По испанским меркам перепалка достигла высшего накала: у испанцев самые оскорбительные действия никогда не называются прямо – только подразумеваются.
– А что тут происходит? – понизив голос, спросил Агустин.
– Ничего, – ответила Пилар. – Nada. В конце концов, на дворе весна, скотина ты эдакая.
– Скотина, – повторил Агустин, смакуя слово. – Я – скотина. А ты-то кто? Отродье гребаной грязной шлюхи. Да клал я на вашу гребаную весну.
Пилар толкнула его в плечо и рассмеялась своим ухающим смехом.
– Эх ты, – сказала она. – Даже ругнуться поинтересней не можешь, только одно и знаешь. Но душу вкладываешь. Ты самолеты видел?
– Блевать я хотел в их моторы, мать их, – сказал Агустин, решительно тряхнув головой, и закусил нижнюю губу.
– Здорово придумано, – сказала Пилар. – Очень здорово. Только выполнить трудно.
– Ну да, на такой высоте – трудно, – усмехнулся Агустин. – Desde luego. Но почему не пошутить?
– Ага, – согласилась Пилар. – Лучше уж шутить. Хороший ты человек, Агустин, и шутки у тебя смачные.
– Слушай, Пилар, – уже серьезно сказал Агустин. – Не иначе как что-то тут затевается. Правда?
– Ну и что ты об этом думаешь?
– Да хуже некуда, судя по всему этому непотребству. Слишком много самолетов, женщина. Слишком много.
– И ты хвост поджал от страха, как все остальные?
– Qué va, – сказал Агустин. – Как думаешь, что они затевают?
– Слушай, – ответила Пилар. – Судя по тому, что этого парня прислали взорвать мосты, Республика готовит наступление. А судя по этим самолетам, фашисты готовятся его отразить. Но зачем они показывают свои самолеты?
– В этой войне много глупости, – сказал Агустин. – Безмозглость сплошная эта война.
– Это уж точно, – согласилась Пилар. – Иначе мы бы здесь не оказались.
– Вот именно, – сказал Агустин. – Год уже барахтаемся в этой дурости. Но Пабло, он ушлый. Пабло очень хитрый.
– Ты это к чему?
– Просто сказал.
– Как ты не понимаешь, – попыталась растолковать ему Пилар, – что теперь уже слишком поздно спасаться хитростью, а другого у него ничего не осталось.

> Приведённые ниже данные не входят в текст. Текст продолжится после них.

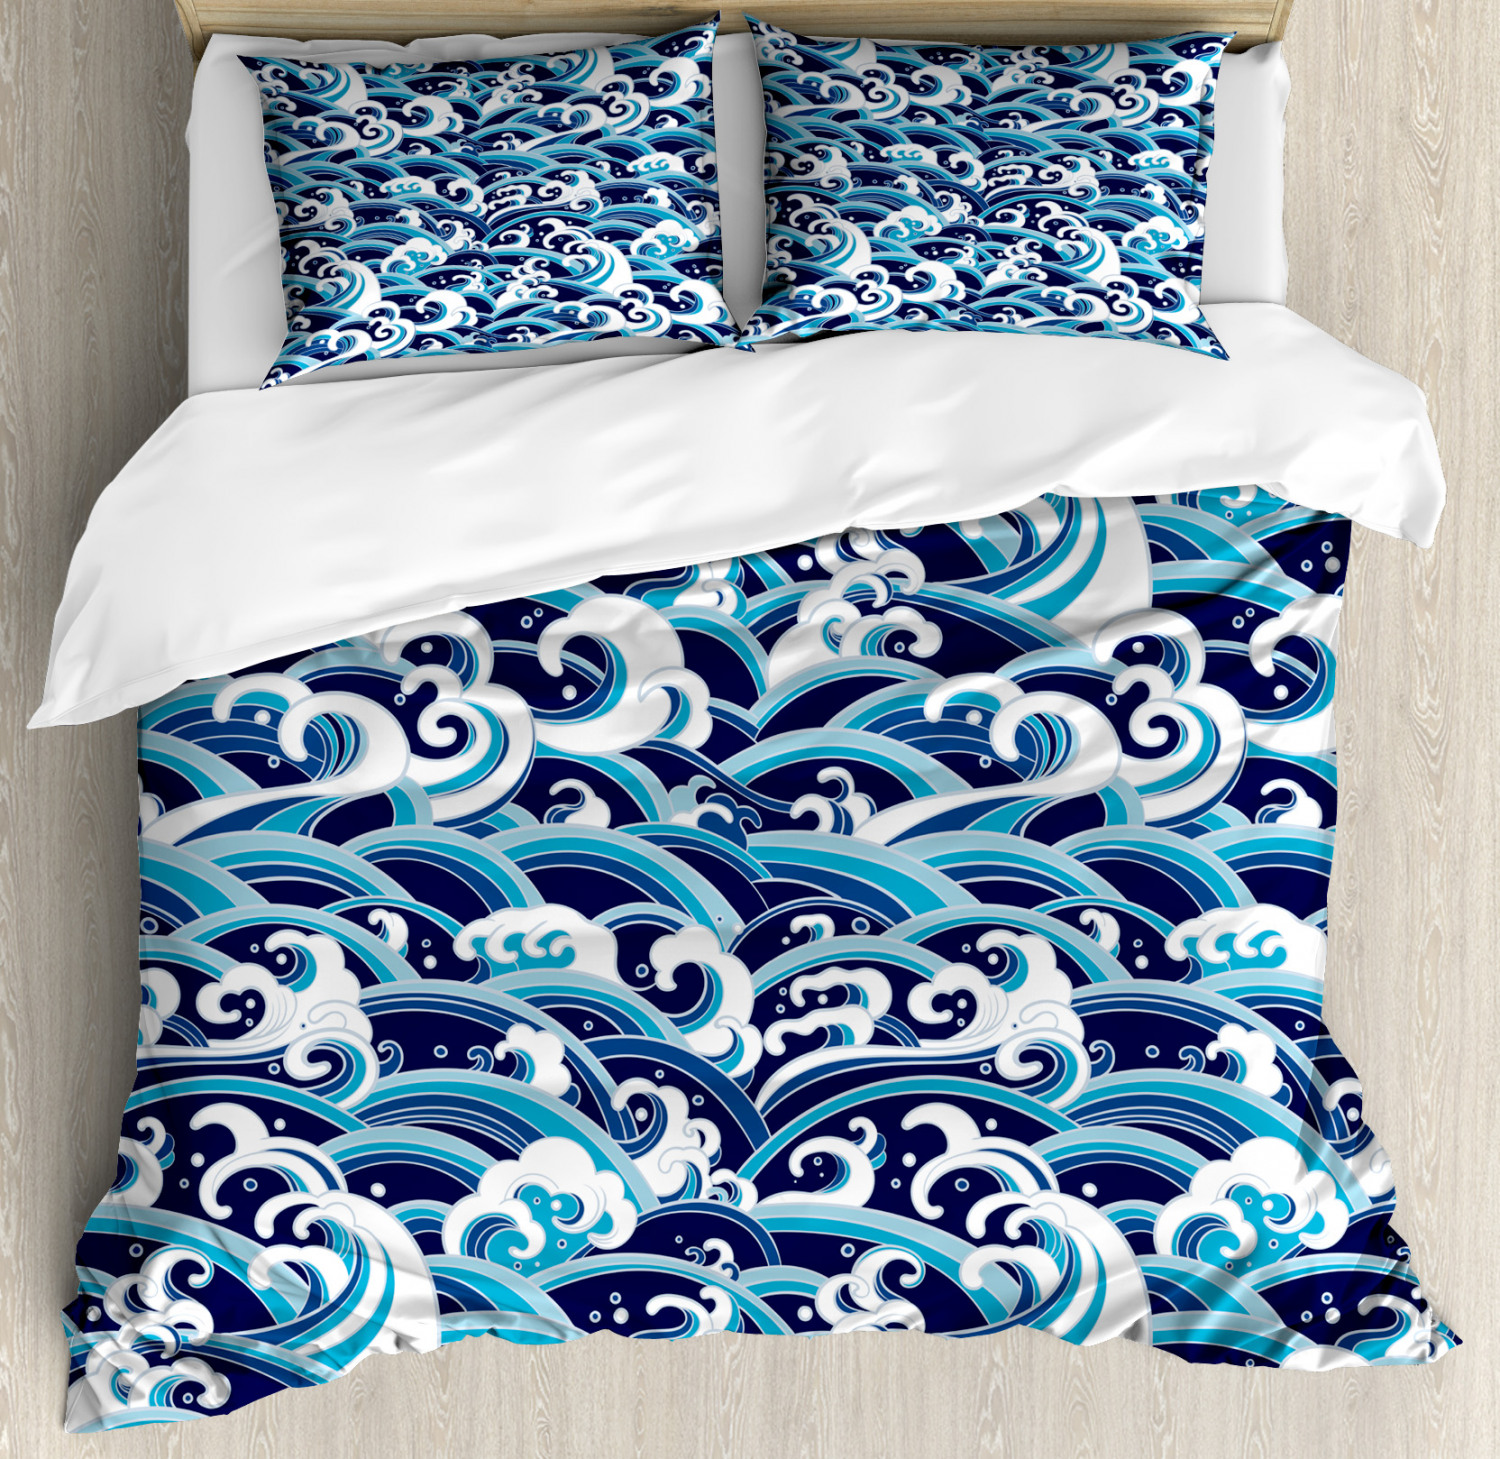 Japanese Wave Duvet Cover Set with Pillow Shams Splash Print | eBay

– Я понимаю, – сказал Агустин. – Знаю, что нам теперь дорога – только вперед. И чтобы выжить в конце концов, мы должны победить, а для этого нужно взорвать мосты. Но Пабло, каким бы трусом он теперь ни был, очень хитрый.
– Я тоже хитрая.
– Нет, Пилар, – возразил Агустин. – Ты не хитрая. Ты храбрая. И преданная. В тебе решимость есть. Чутье. Много решимости и большое сердце. Но ты не хитрая.

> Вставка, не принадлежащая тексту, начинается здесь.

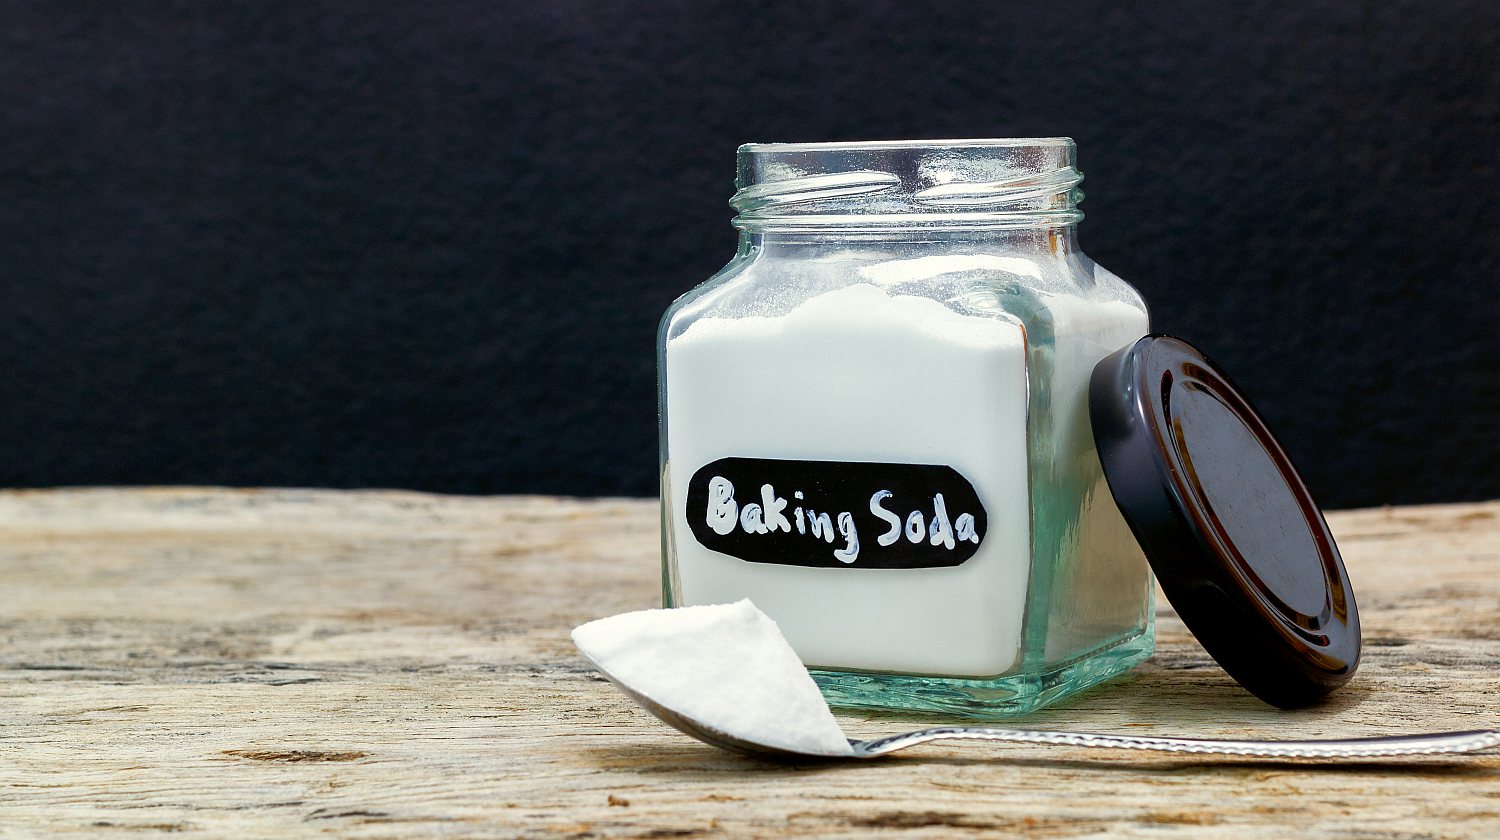 Feature | Baking soda in a jar | Surprising Benefits of Baking Soda

– Ты и впрямь так думаешь? – задумчиво спросила женщина.
– Да, Пилар.
– Этот парень тоже хитрый, – сказала женщина. – Хитрый и хладнокровный. У него очень холодная голова.
– Да, – согласился Агустин. – Дело свое он хорошо знает, иначе ему бы не дали такого задания. Но в том, что он хитрый, я не уверен, а вот про Пабло точно знаю, что он хитрый.
– Только бесполезный теперь из-за своего страха и нежелания действовать.
– А все равно хитрый.
– Ну и что скажешь?
– Ничего. Я стараюсь смотреть на дело трезво. В данный момент нам нужно действовать с умом. После взрыва нужно будет сразу же уходить. Все должно быть подготовлено заранее. Мы должны знать, куда и как мы пойдем.
– Ну, конечно.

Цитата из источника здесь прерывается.